§ What needs to be done:
Write out the listing exactly, dropping any picture it contains.

§ Data section:

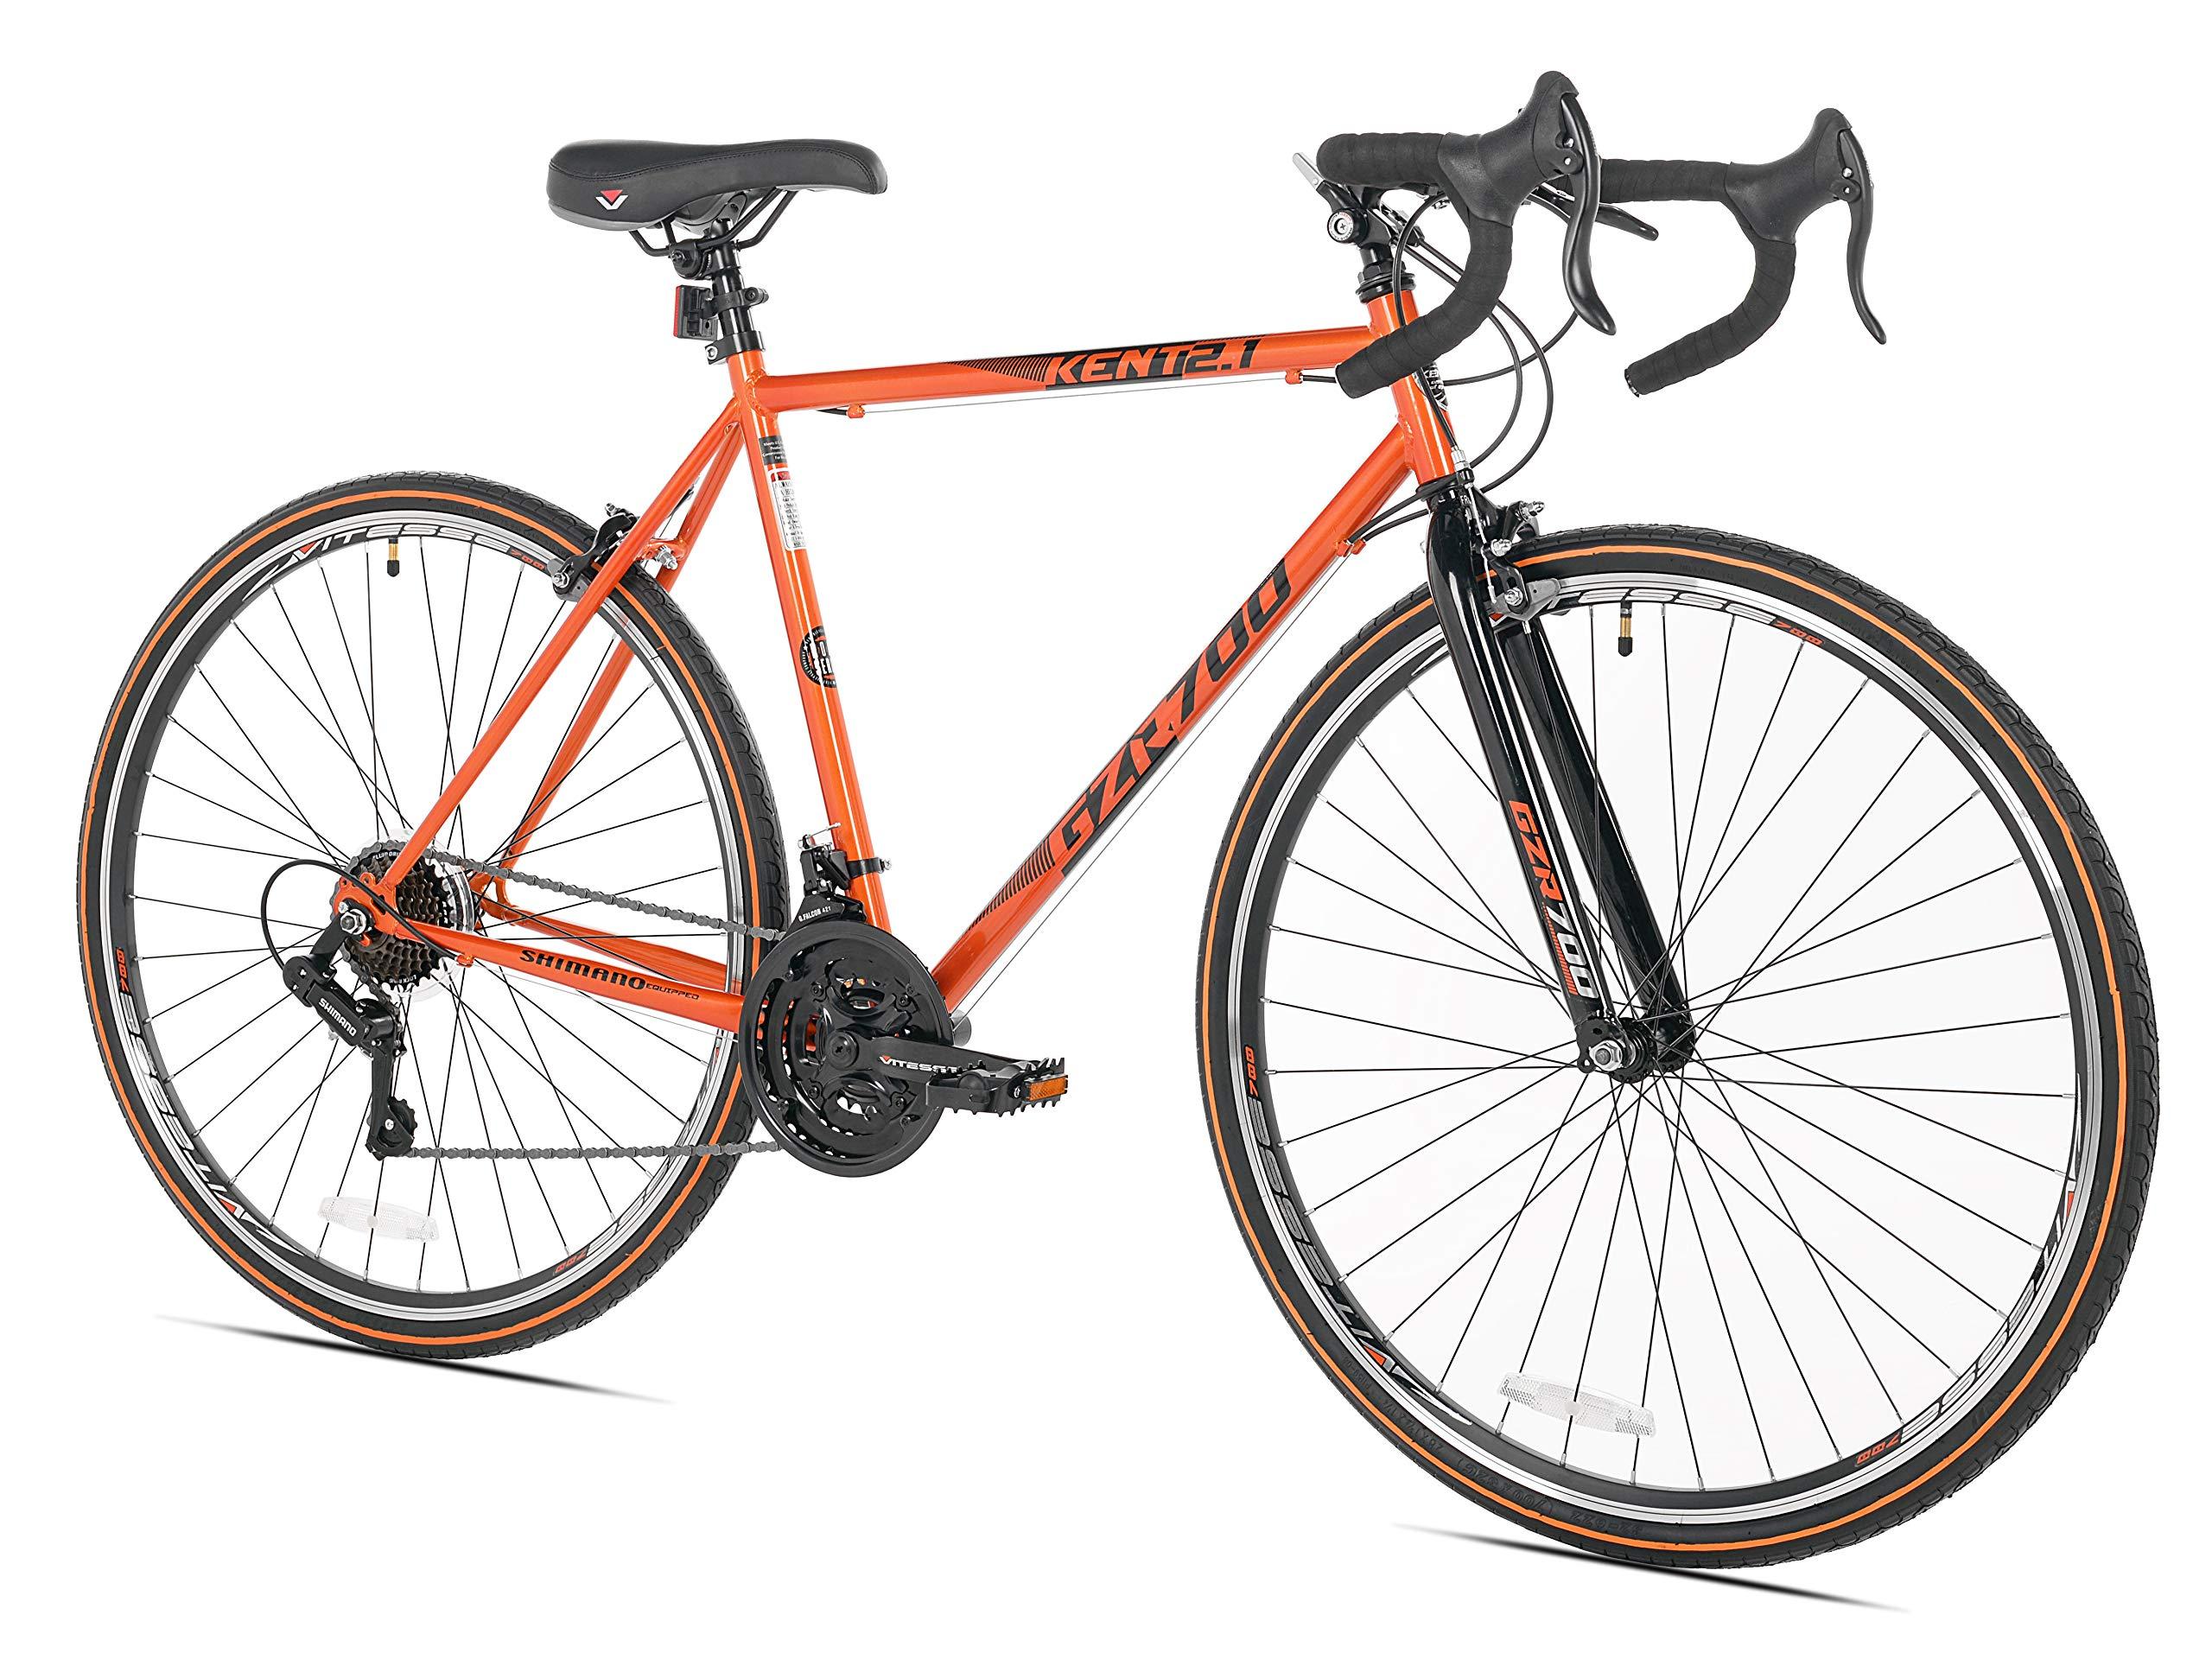 KENT 52716 GZR700 Road Bike
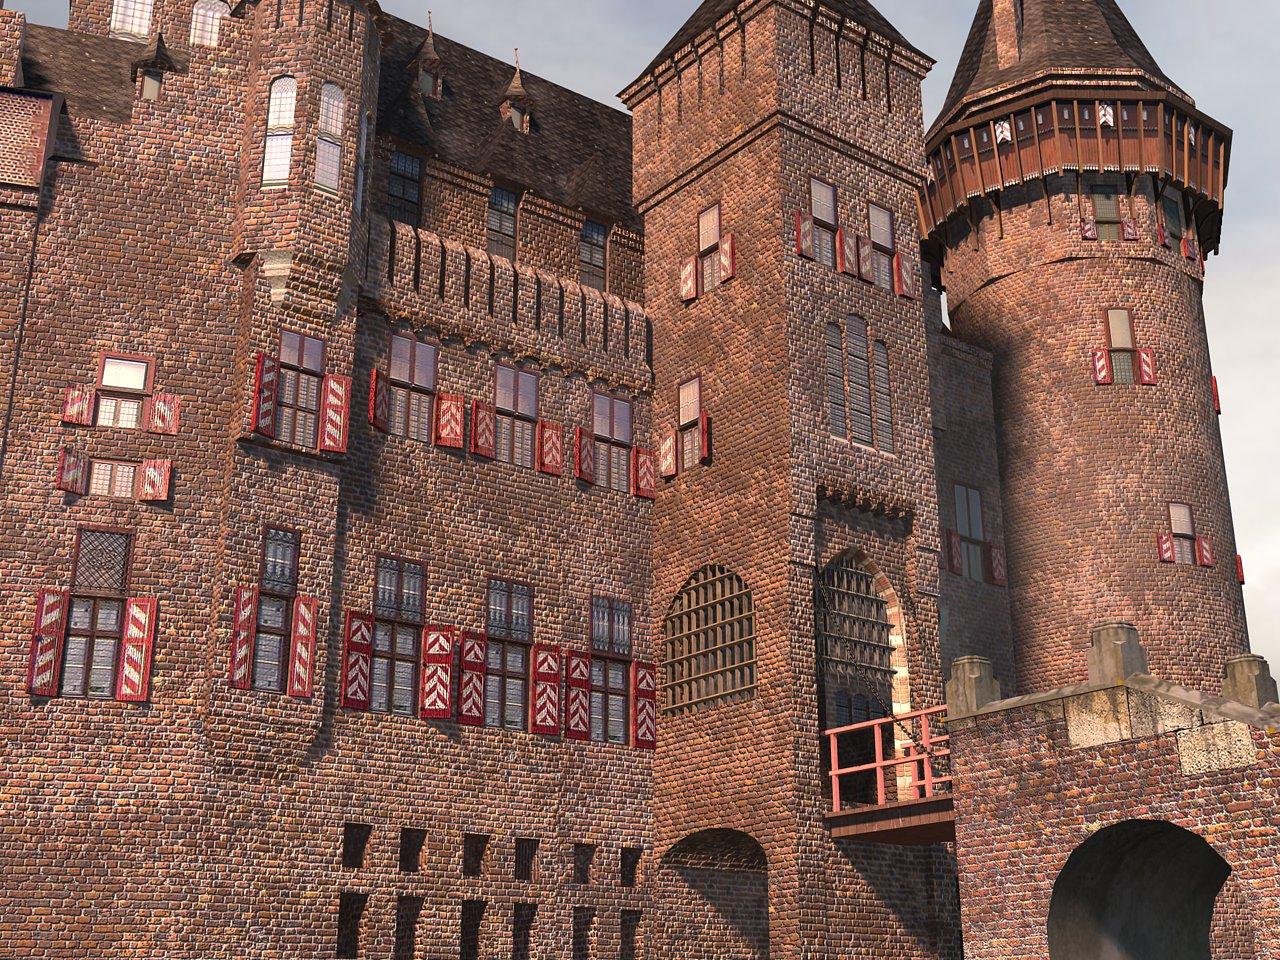 Castelul De Haar, detalii arhitecturale
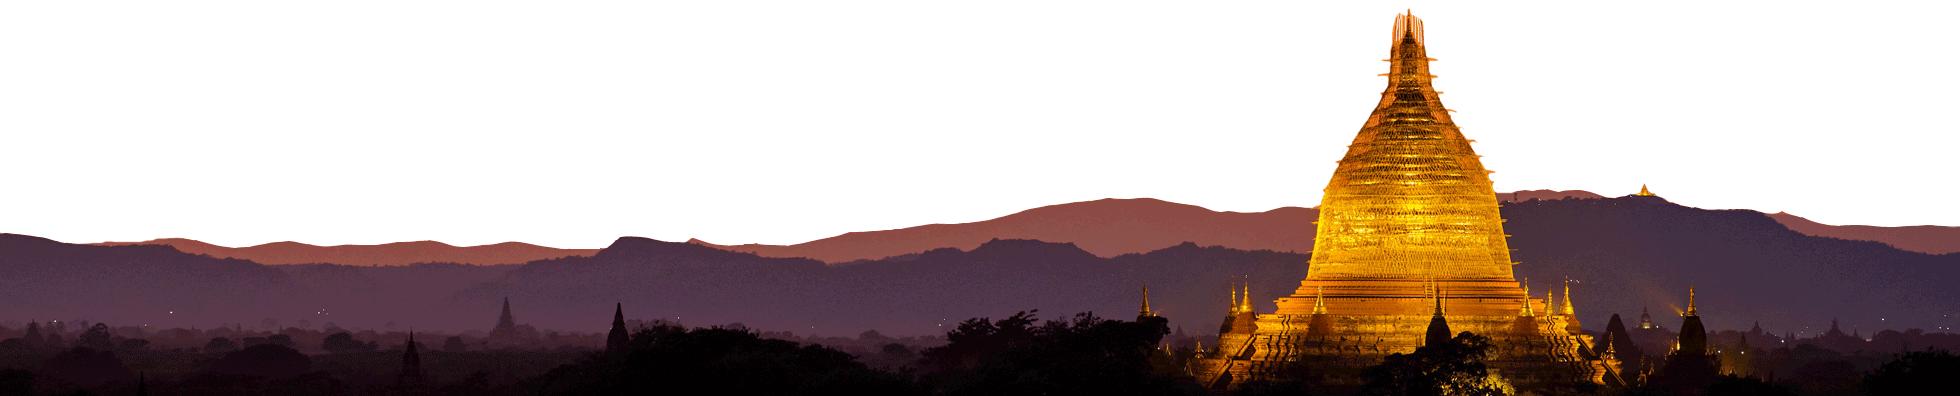 Paysage Myanmar
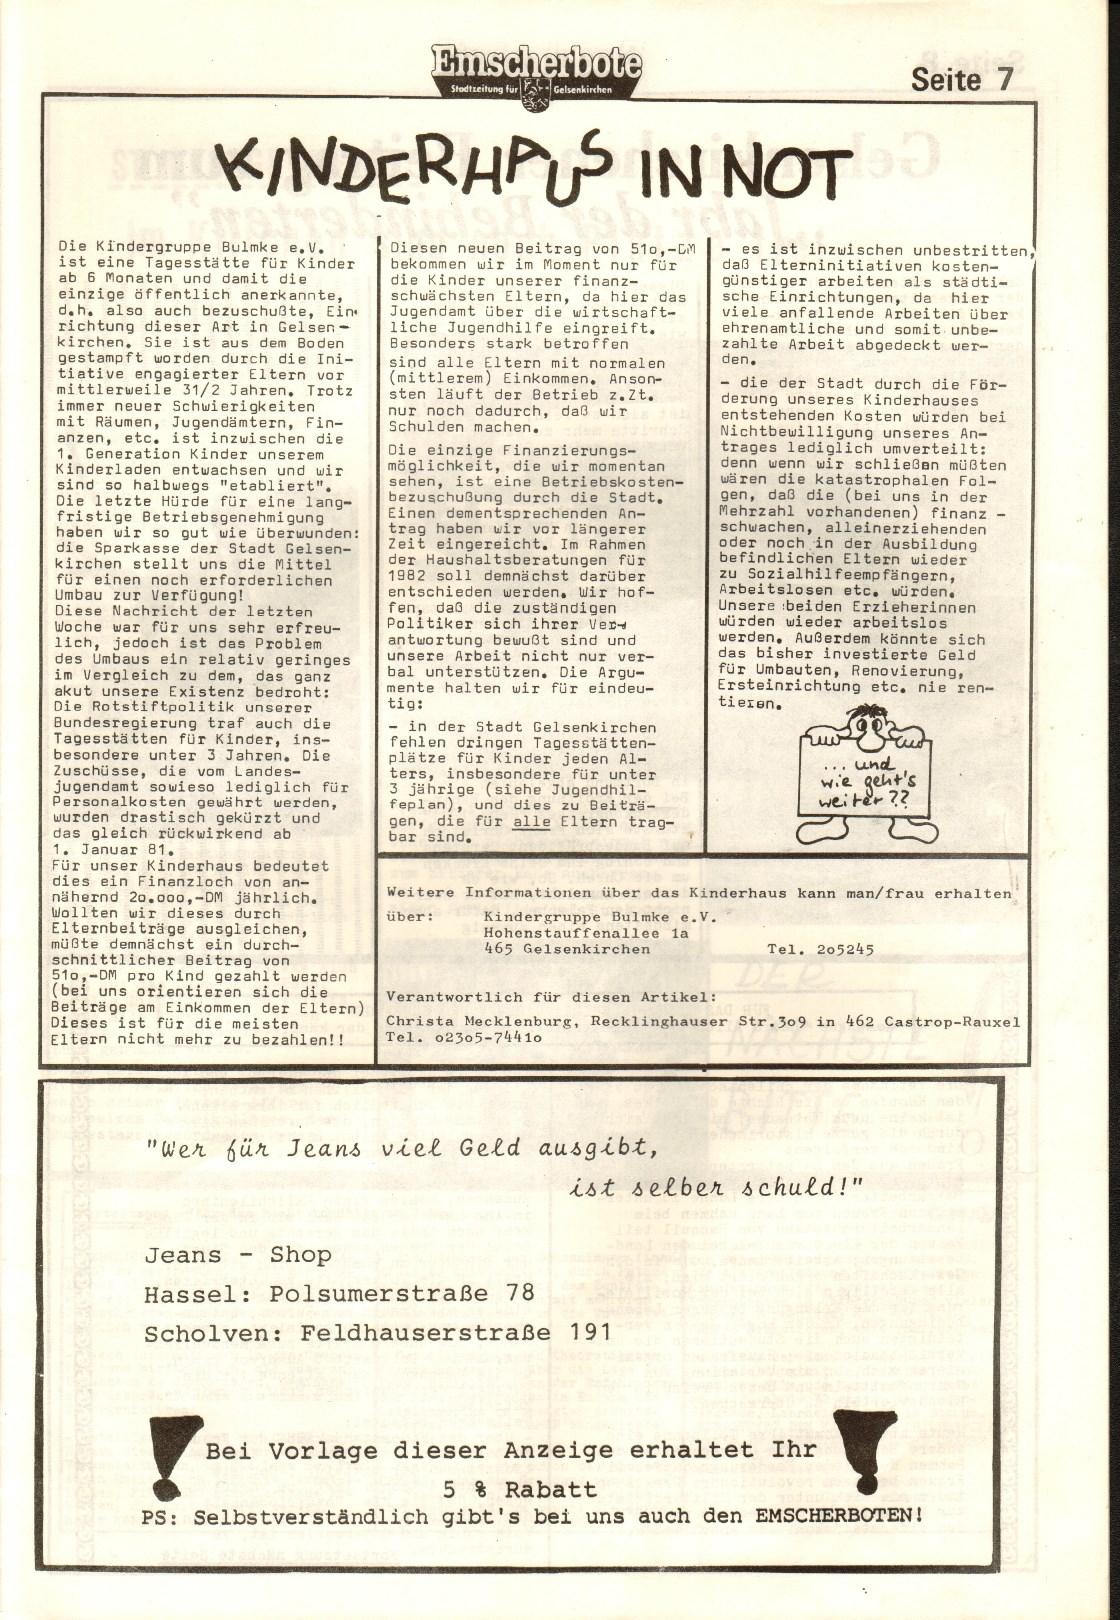 Gelsenkirchen_Emscherbote_1981_12_07

§ Your response:
 KENT 52716 GZR700 Road Bike
 Castelul De Haar, detalii arhitecturale
 Paysage Myanmar
 Gelsenkirchen_Emscherbote_1981_12_07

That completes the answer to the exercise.